SAY WORD: Evansville, IN | SWAT team raids wrong house

“Police came up empty-handed in a search for evidence about threatening Internet posts but only after damaging the house, handcuffing the woman and her granddaughter and seizing their computers, according to the lawsuit filed in U.S. District Court at Evansville,” reports the Courier Press.
Police claim the raid, which occurred back in June, was justified due to Internet posts traced back to 68-year-old Louise Milan’s house which threatened to attack the police department, but the posts had been made by a suspected gang member who had hijacked Milan’s wi-fi connection because it was not password protected.
The lawsuit states that the actions of the officers “were done with malicious intent to cause severe mental and emotional distress to Milan.”
After smashing Milan’s window and her storm door, police threw two flash grenades into the home before ordering Milan and her daughter onto the floor at gunpoint.

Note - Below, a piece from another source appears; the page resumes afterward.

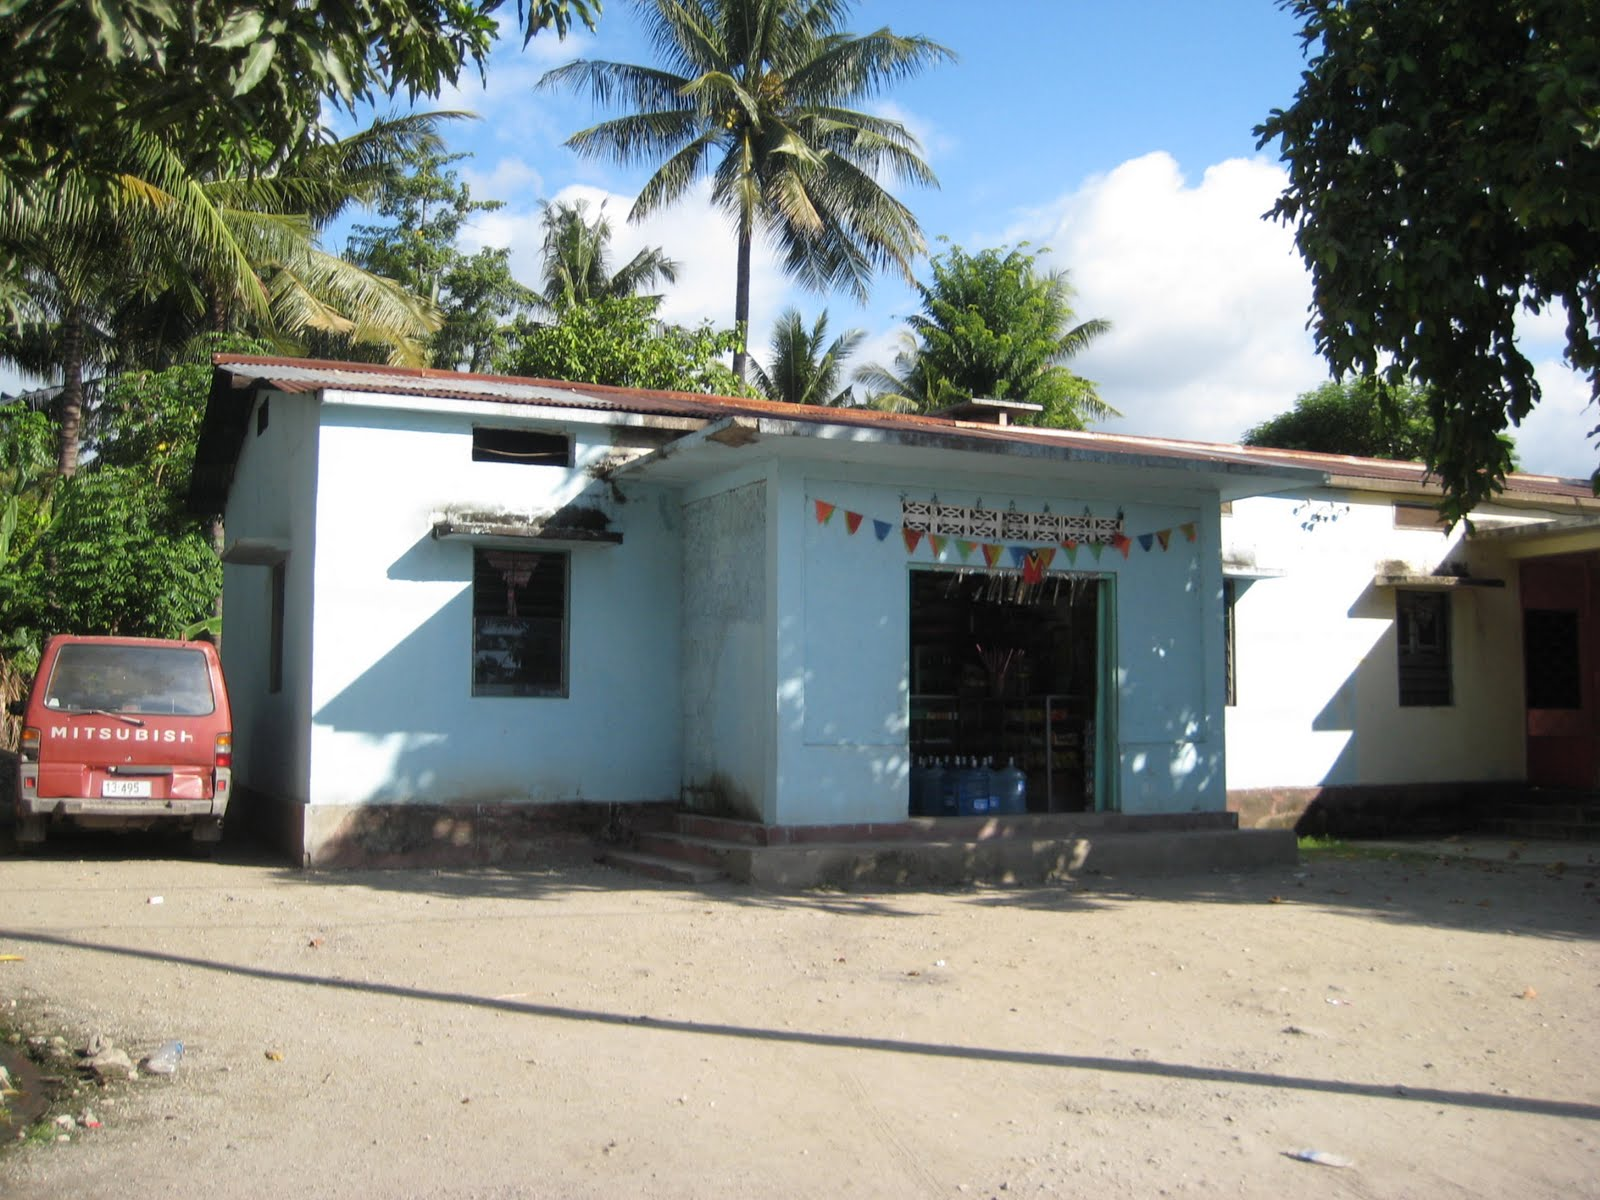 Aeroporto Comoro : Um ano em dili distrito chamado

The two were handcuffed and paraded in front of their neighbors before police seized computers and a cellphone.
The police even ensured that a news camera crew was there to document the raid in order to “memorialize” the incident.
Alleged gang member Derrick Murray, who lived nearby, later admitted to a federal court that he had used his smartphone to hijack Milan’s wi-fi connection to make the threatening posts.
SWAT raids which turn out to target the wrong houses are a routine characteristic of America’s increasing decline into a police state.
- In October last year, police in Middletown, Delaware searching for a “person of interest” raided Steve and Jennifer Tuppeny’s house and held them at gunpoint before realizing they had the wrong house.
- In July 2010, a Minneapolis-St. Paul SWAT team raided the wrong house, shot the family dog and forced three children to sit next to the bleeding corpse of their beloved pet for over an hour.
- Police in Adams County, Colorado falsely raided the home of Jeff Fisher before shooting and killing his pet dog Ziggy when the animal attempted to run away.
- Lebanon, Tennessee resident John Adams was shot to death by cops as his wife was handcuffed in another room following another wrong house raid in September last year.
- A 12-year-old girl suffered second degree burns after police used flash grenades in executing a raid on a house in Billings, Montana last October over an alleged meth lab that never existed.
These are just a handful of cases from the last few years in what is turning into an epidemic of police abuse as a result of the failure to properly verify that such raids are targeting the right people.